What the exercise asks. In the copy, keep every line below as it is and leave out the pictures.

Given material.

******

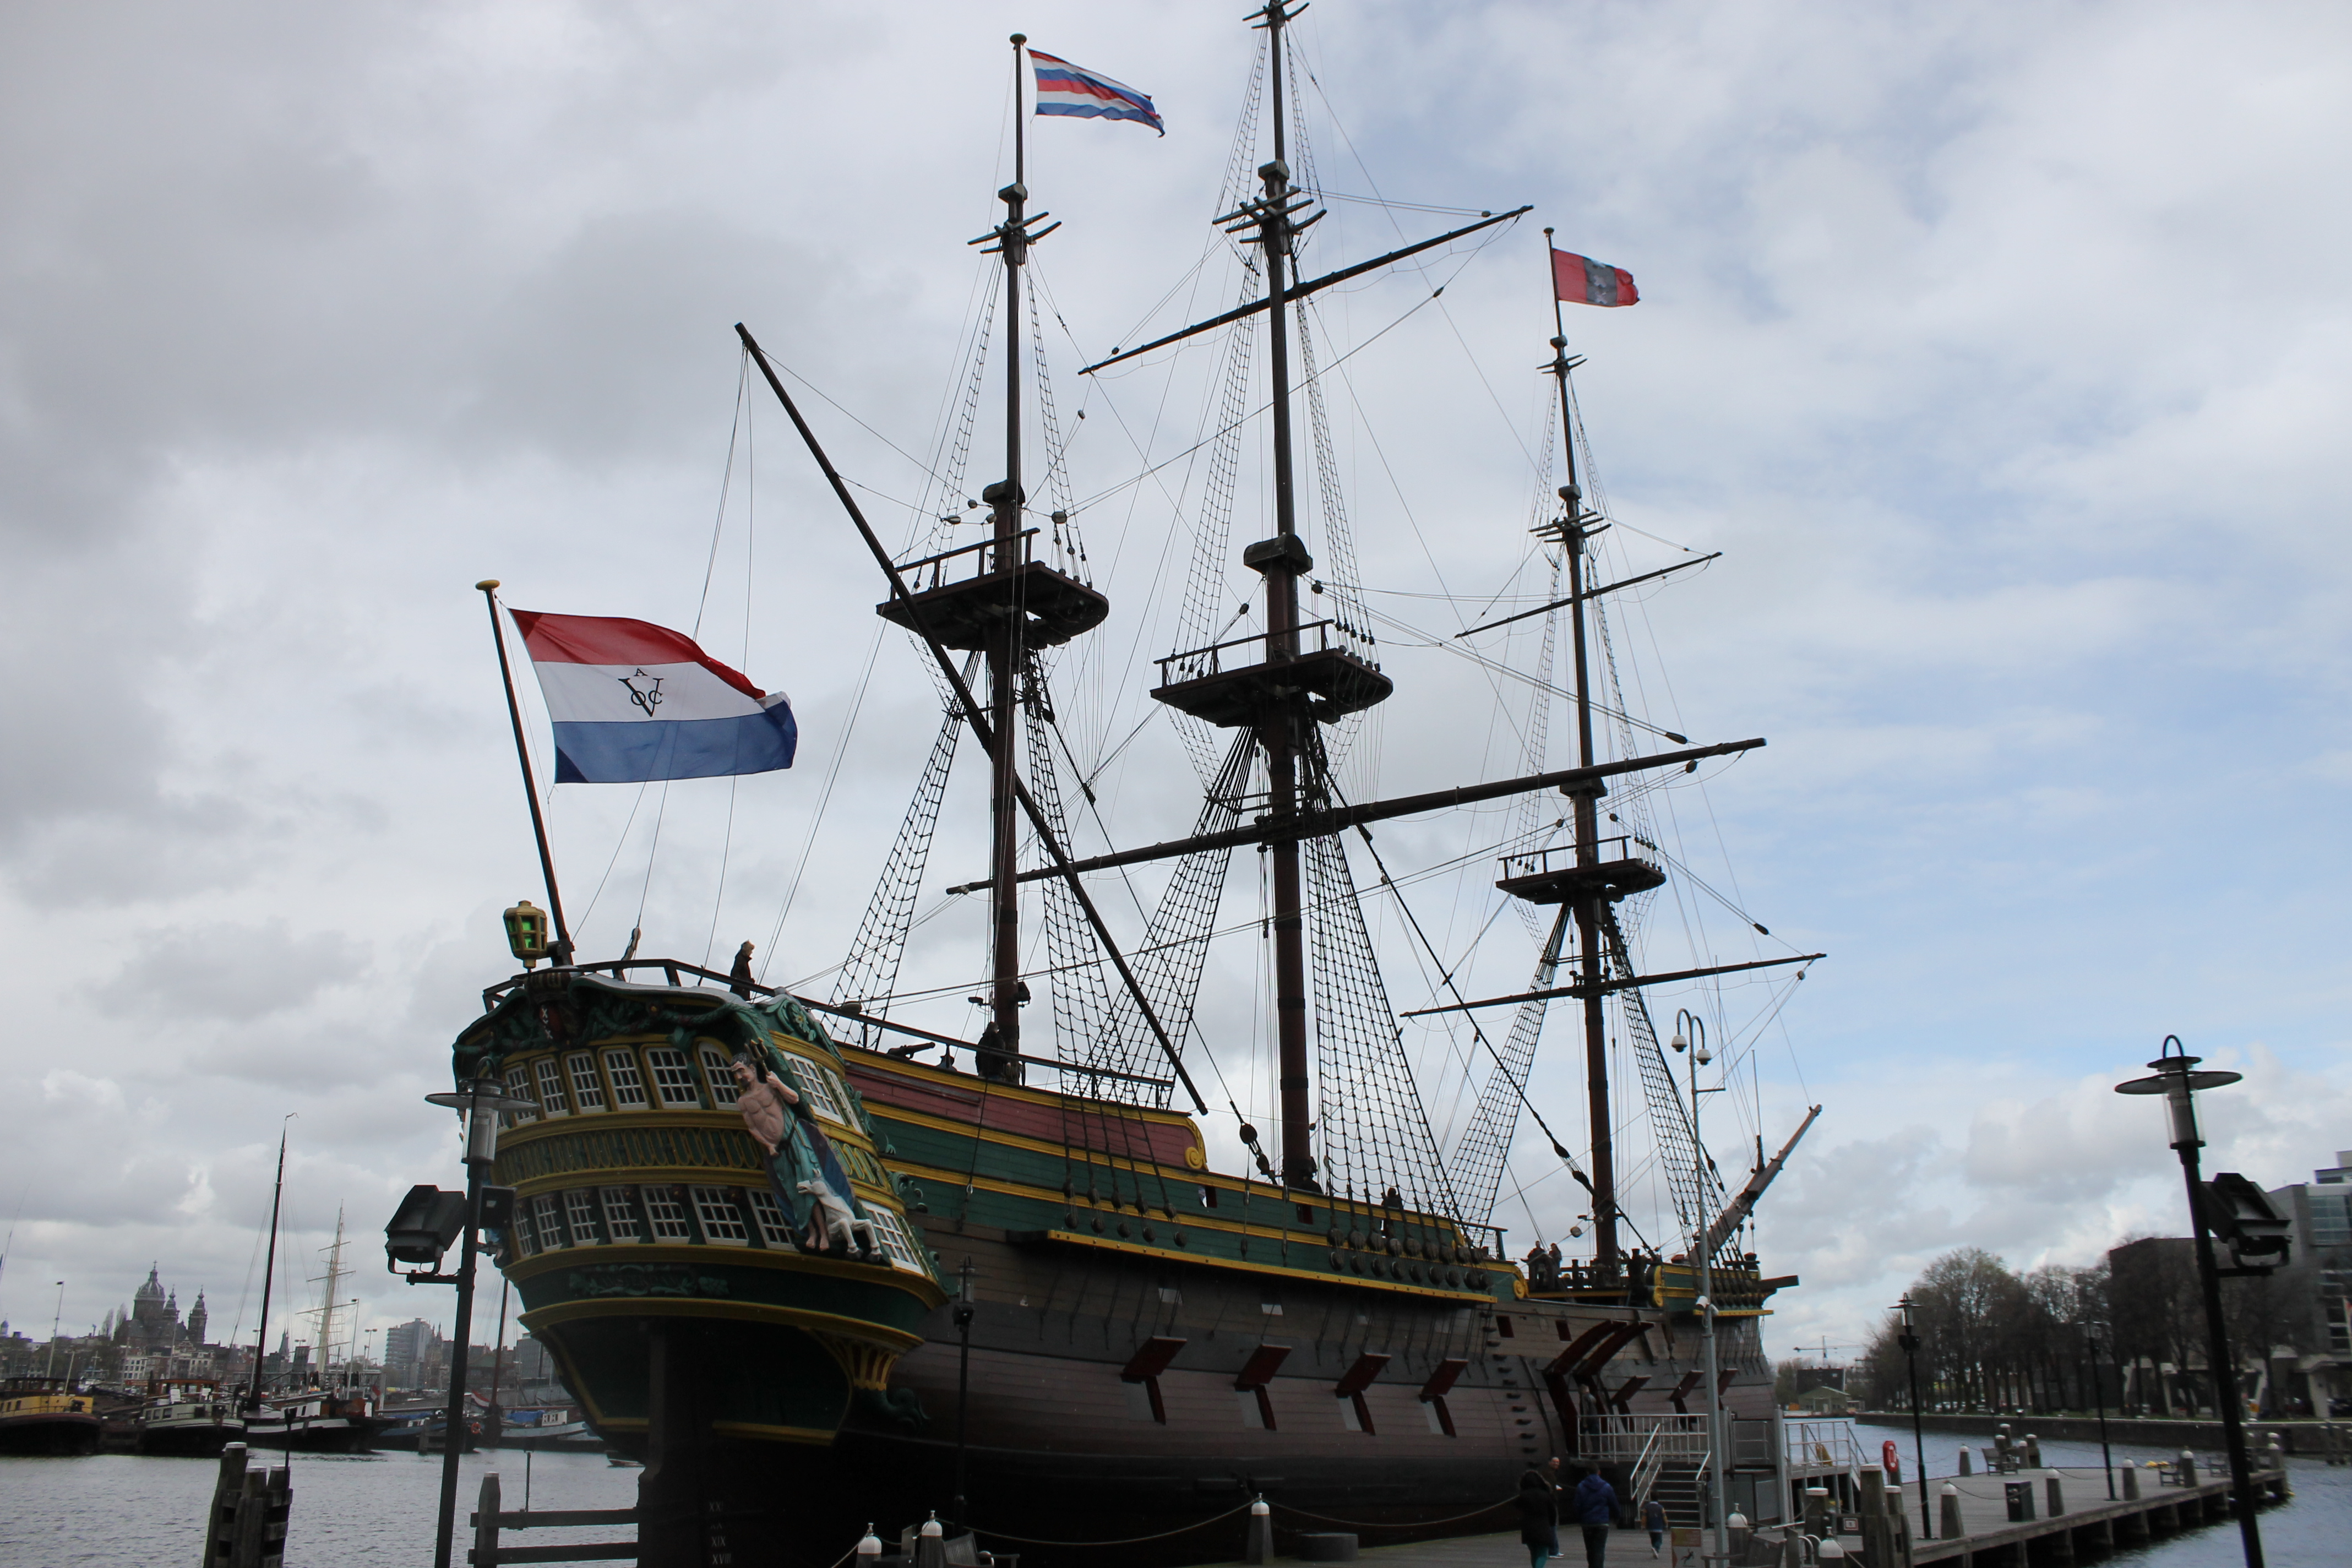 Kumpulan Gambar Sketsa Bentuk Bentuk Kapal Kargo Belanda
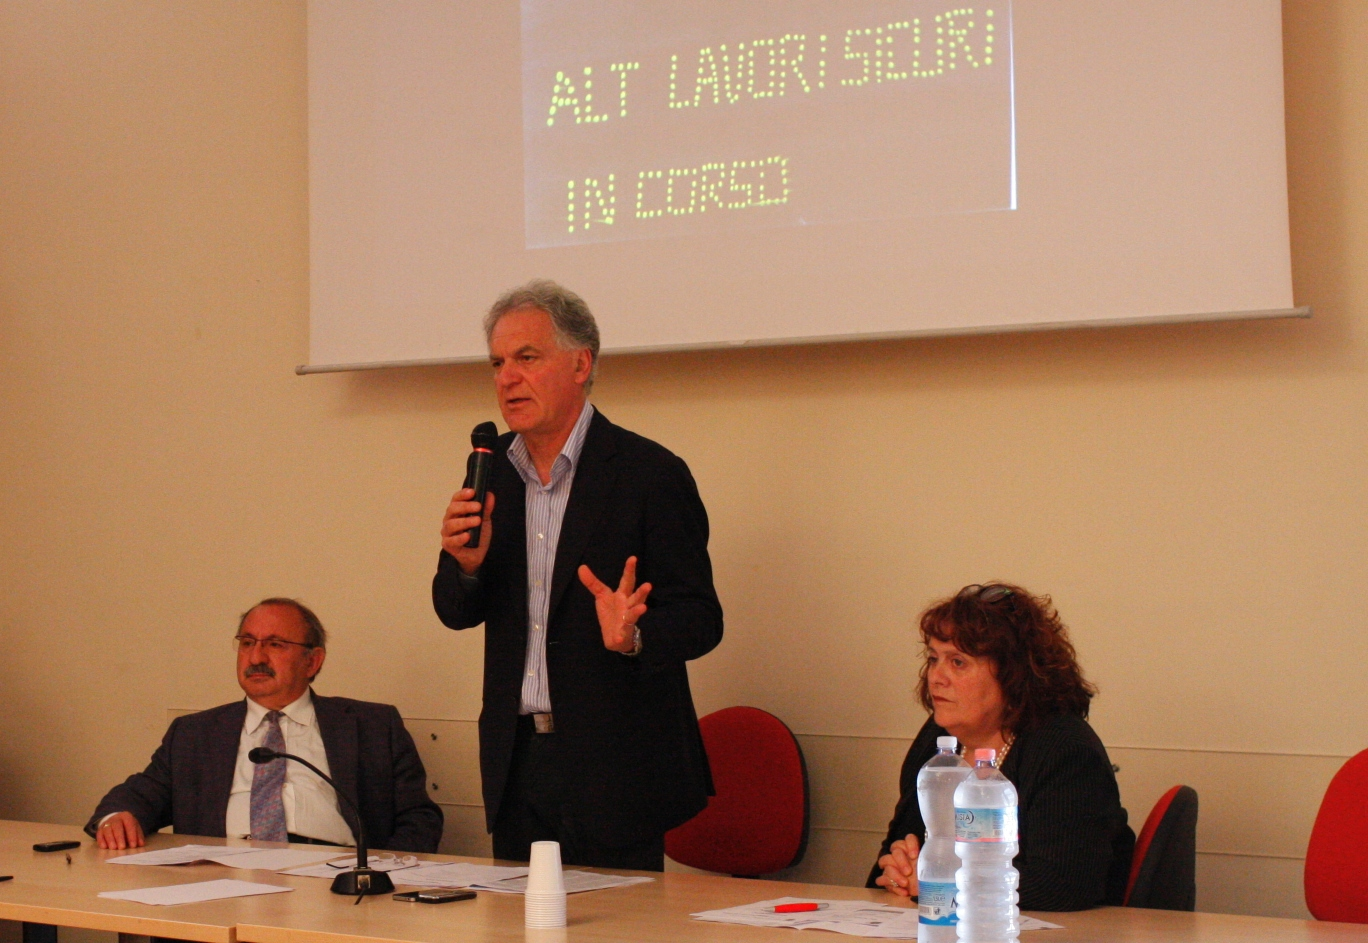 Pres. Celani - Ass. Petrucci - Menicozzi
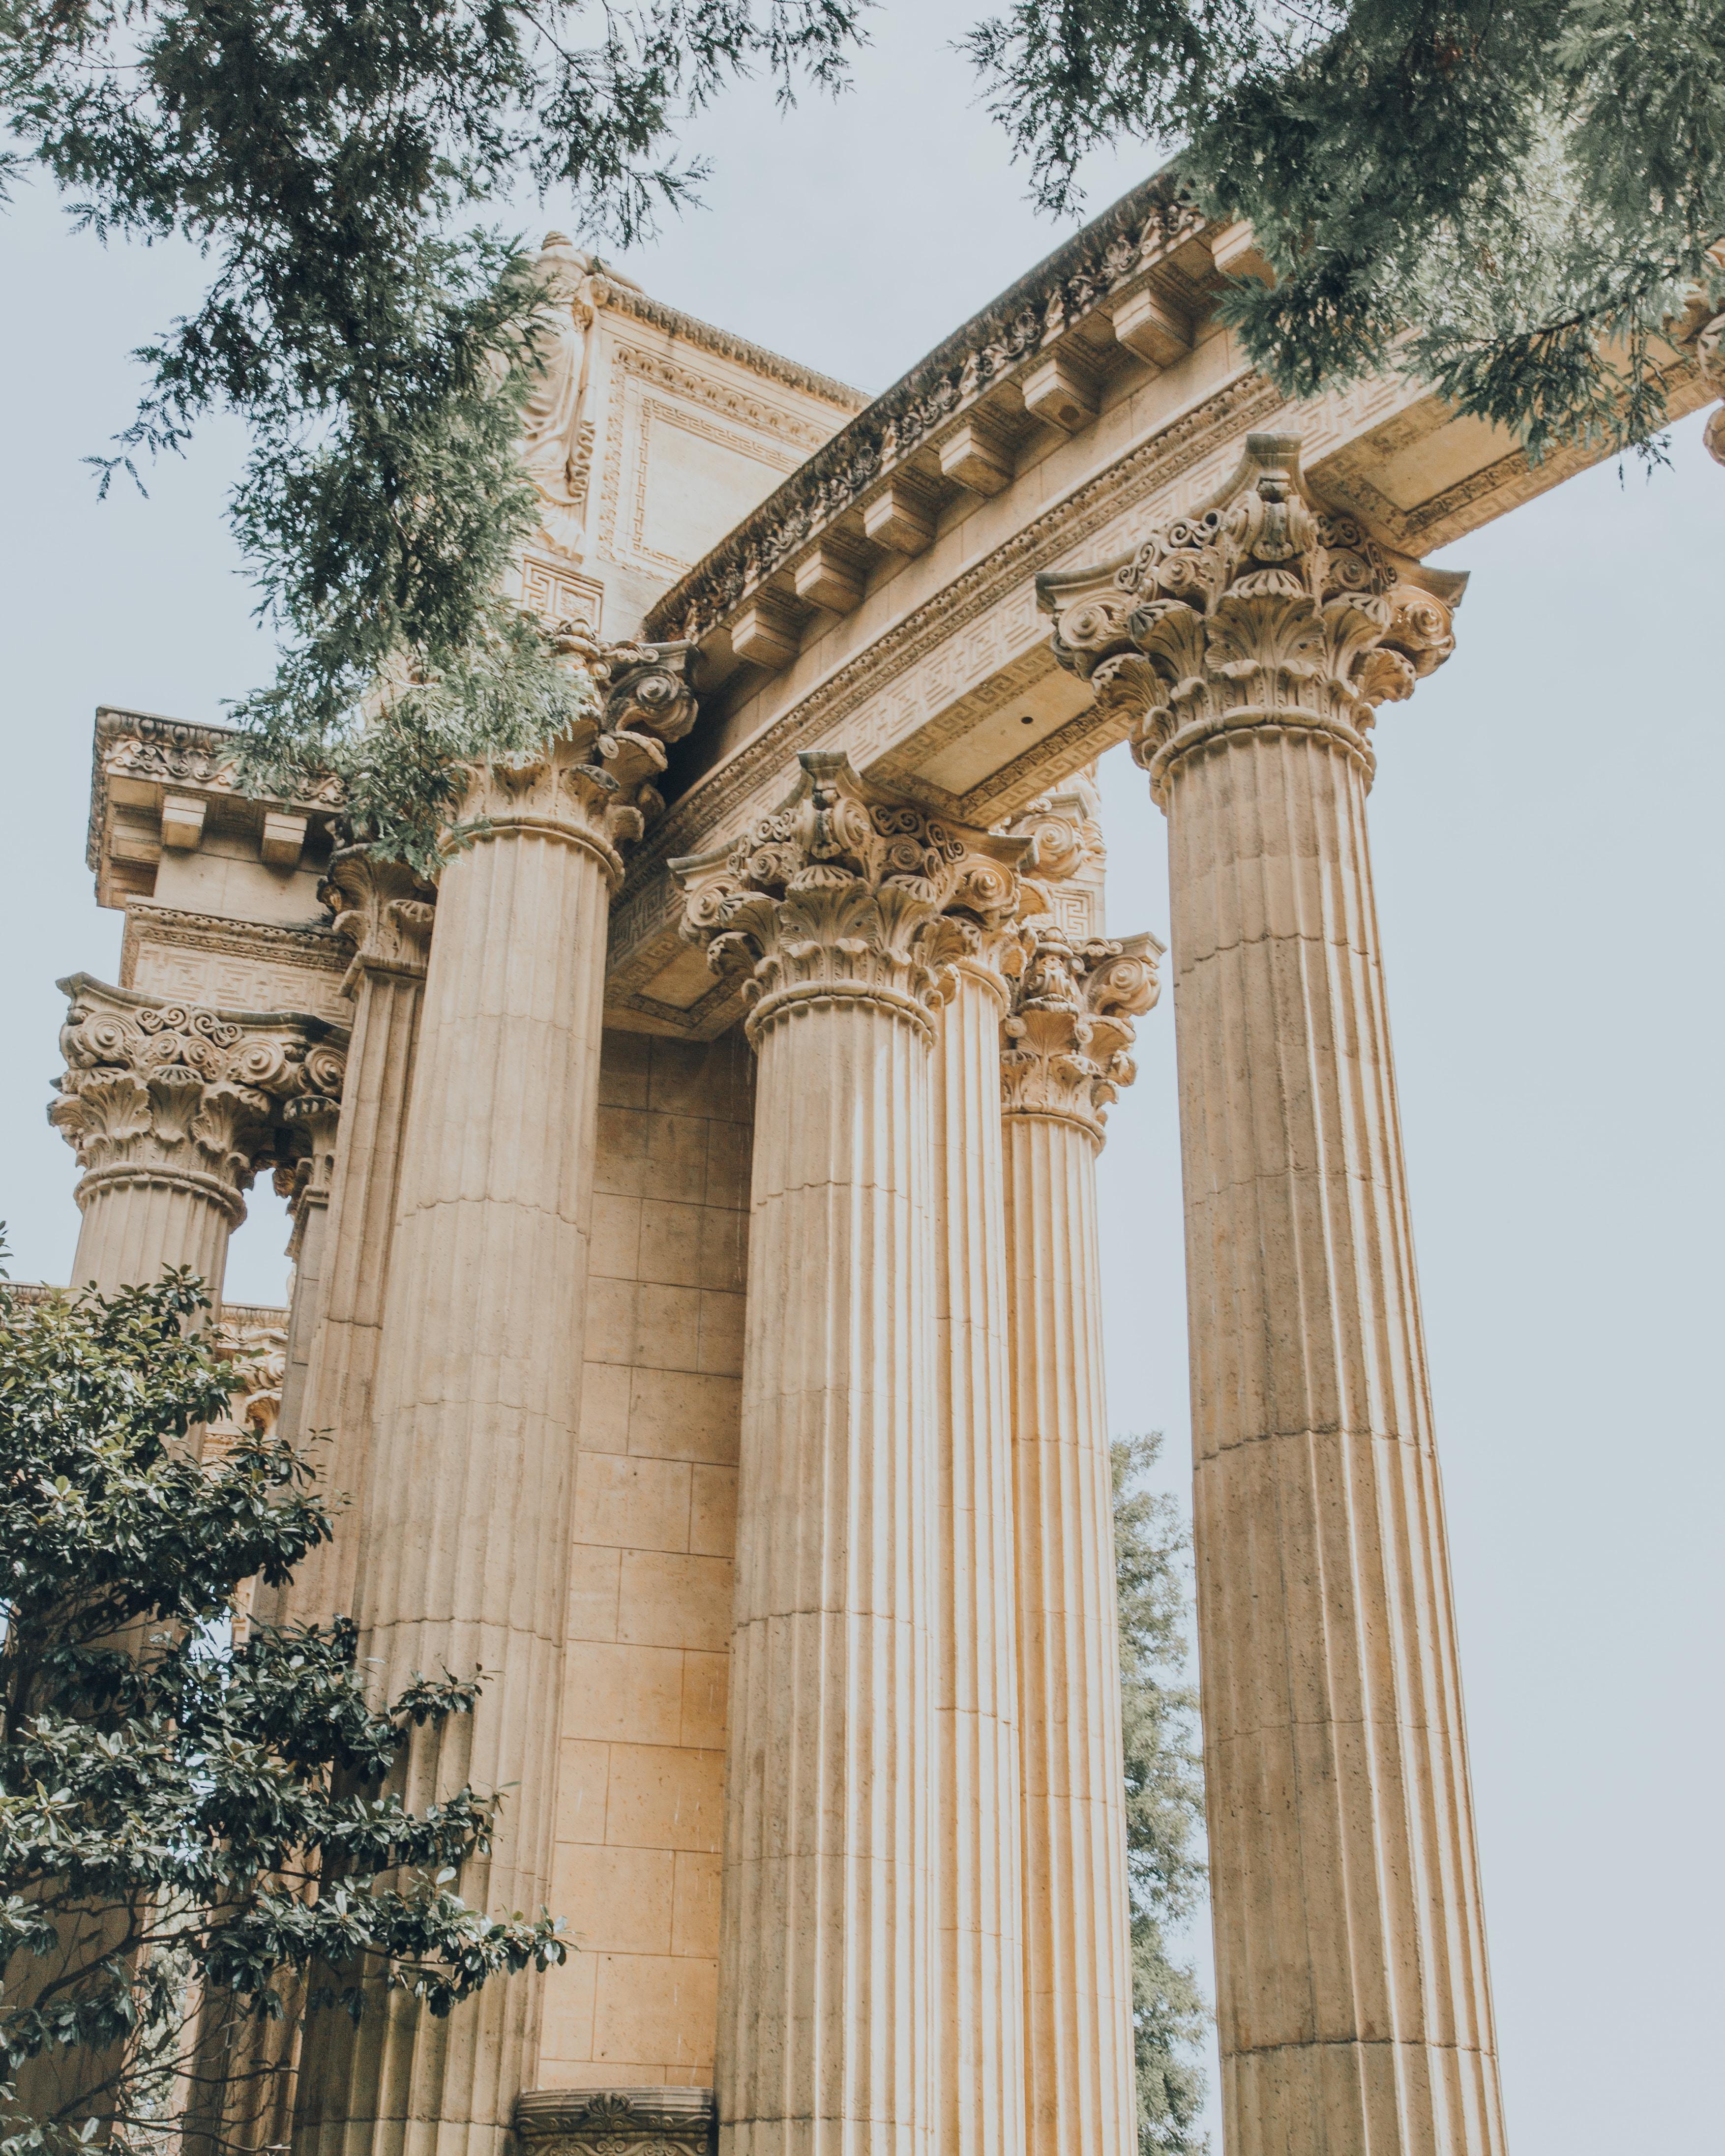 brown columns near trees under clear sky

******

Solution to the problem.
 Kumpulan Gambar Sketsa Bentuk Bentuk Kapal Kargo Belanda
 Pres. Celani - Ass. Petrucci - Menicozzi
 brown columns near trees under clear sky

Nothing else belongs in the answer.